Batch training is a technique that used to be the most common approach for neural network training, but is now used less often. The screenshot in Figure 5-4 shows an example of batch training applied to the Boston Dataset problem.
The most common technique for neural network training is called online training. Online training updates weights after processing each training item. Batch training processes all training items, and then updates weights. Batch training can be used for classification or regression problems.
In pseudo-code, the two training approaches are the following.
// online training
for-each training item
compute the gradients
use gradients from item to update weights
end-loop
// batch training
for-each training item
compute the gradients
accumulate the gradients
end-loop
use average of accumulated gradients from all items to update weights
In the early days of neural networks, batch training was very common because it is more principled. The online training approach uses a single training item to estimate the true gradient. The batch approach uses all training items to estimate the true gradient.

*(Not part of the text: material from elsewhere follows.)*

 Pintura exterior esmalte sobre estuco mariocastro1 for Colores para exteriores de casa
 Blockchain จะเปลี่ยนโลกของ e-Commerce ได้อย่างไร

Figure 5-4: Batch Training on the Boston Dataset
But in practice, online training usually, but not always, proved to work better than batch training for simple, single-hidden-layer neural networks. However, a variation of batch training, called mini-batch training, is now the most common technique used for deep neural networks.
The demo program implements batch training using the same method signature as online training.
batchTrain(trainX, trainY, lrnRate, maxEpochs)
{
let oSignals = U.vecMake(this.no, 0.0);
let hSignals = U.vecMake(this.nh, 0.0);
let n = trainX.length; // 406
let indices = U.arange(n); // [0,1,..,405]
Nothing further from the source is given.